Thanks for the input. NB I don't think you read the chapter that map goes with, but the new borders are the result of a (limited and halfhearted) Beiqing Chinese reconquista of parts of what the Koreans took before in response to an uprising that just kind of petered out, so it doesn't represent a Korean disengagement line. Your suggestion on that is more relevant for determining the pre-war borders which is what we were discussing originally, many moons ago. At some point I will redo the circa 1815 map to reflect your comments.

I will also bear in mind your comments re. the mountains, though (as you imply) at this point maps made by Europeans will have the border going anywhere within a couple of hundred miles either side of where actual lines of control are ;) Perhaps the triangular area north of your 'Nicely arable...' comment would make sense as part of a "Corean on paper, but part of Russian sphere on influence in actuality" zone due to increasing Russian influence over Corea, esp in the north?

Besides which I forgot to mark on alt-Vladivostok anyway, so that map needs improvements in any case.

Oh right sorry thought that map was meant to be 'current'. Well the great thing about talking about mountain lines and watersheds is that its based on a descriptive fact, so you can update the maps as detailed knowledge of the area develops even if contemporary European maps look a bit silly.

Petered out? I'd say that doesn't fit very well with the region or history; you have these huge flat plains and once you've broken the enemy you sweep on till you hit the mountains. A mixed situation is highly unstable which is why its been so easy to unify both the north china plain and the Northeastern plain (which the current border kinda wiggles across randomly). Where are the new boundaries?

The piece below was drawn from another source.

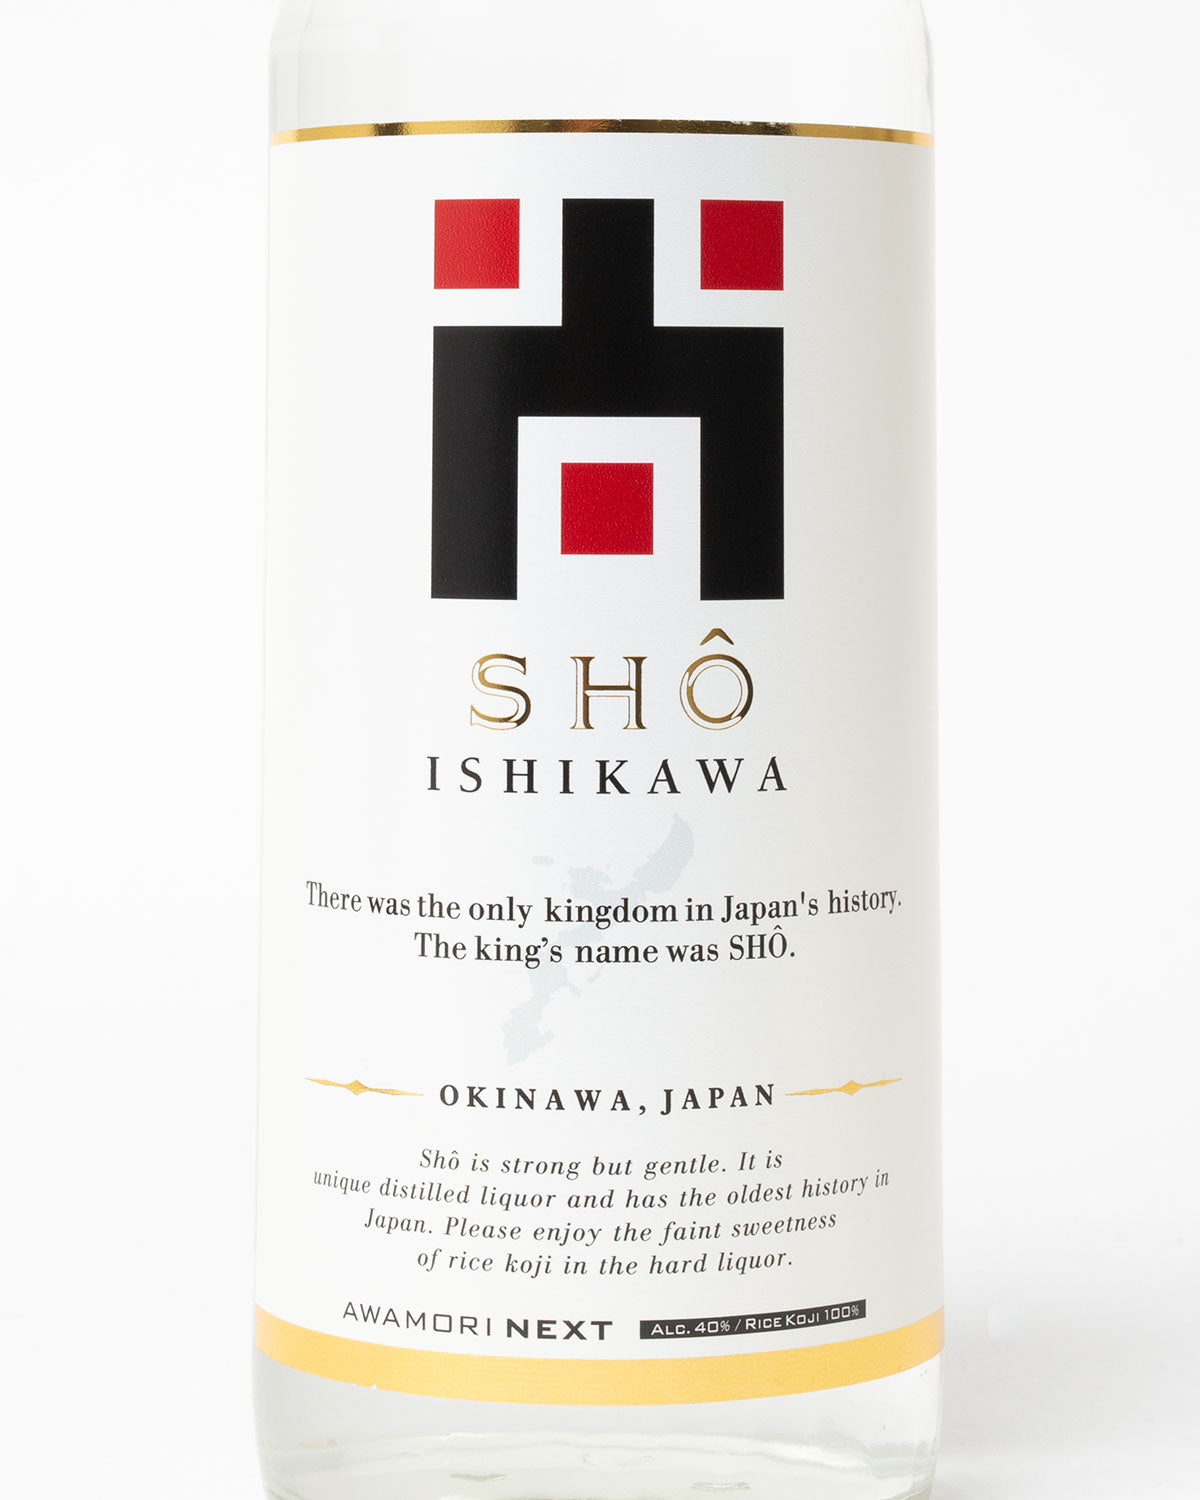 SHO ISHIKAWA 720ml

Well the upper part of the Nen could perfectly well be under Russian influence, they'd just not care very much about it at all due to its unimportance: Almost no settled population, known resources, ease of access, or utility for getting them anywhere. It is also very definitely part of what the Russians acknowledged as Chinese in the 1689 treaty. There are just other things they want more. Searching the whole timeline I can't find the part where it came under Russian control anyway. Its going to be de facto under control of whoever controls the hinge point further south at the junction of the Songhua anyway, be they Corean, Chinese or Russian.

To clarify I'm not saying its implausible that the area be Russian controlled, just very silly that they have that bit without having several necessary prerequisite things.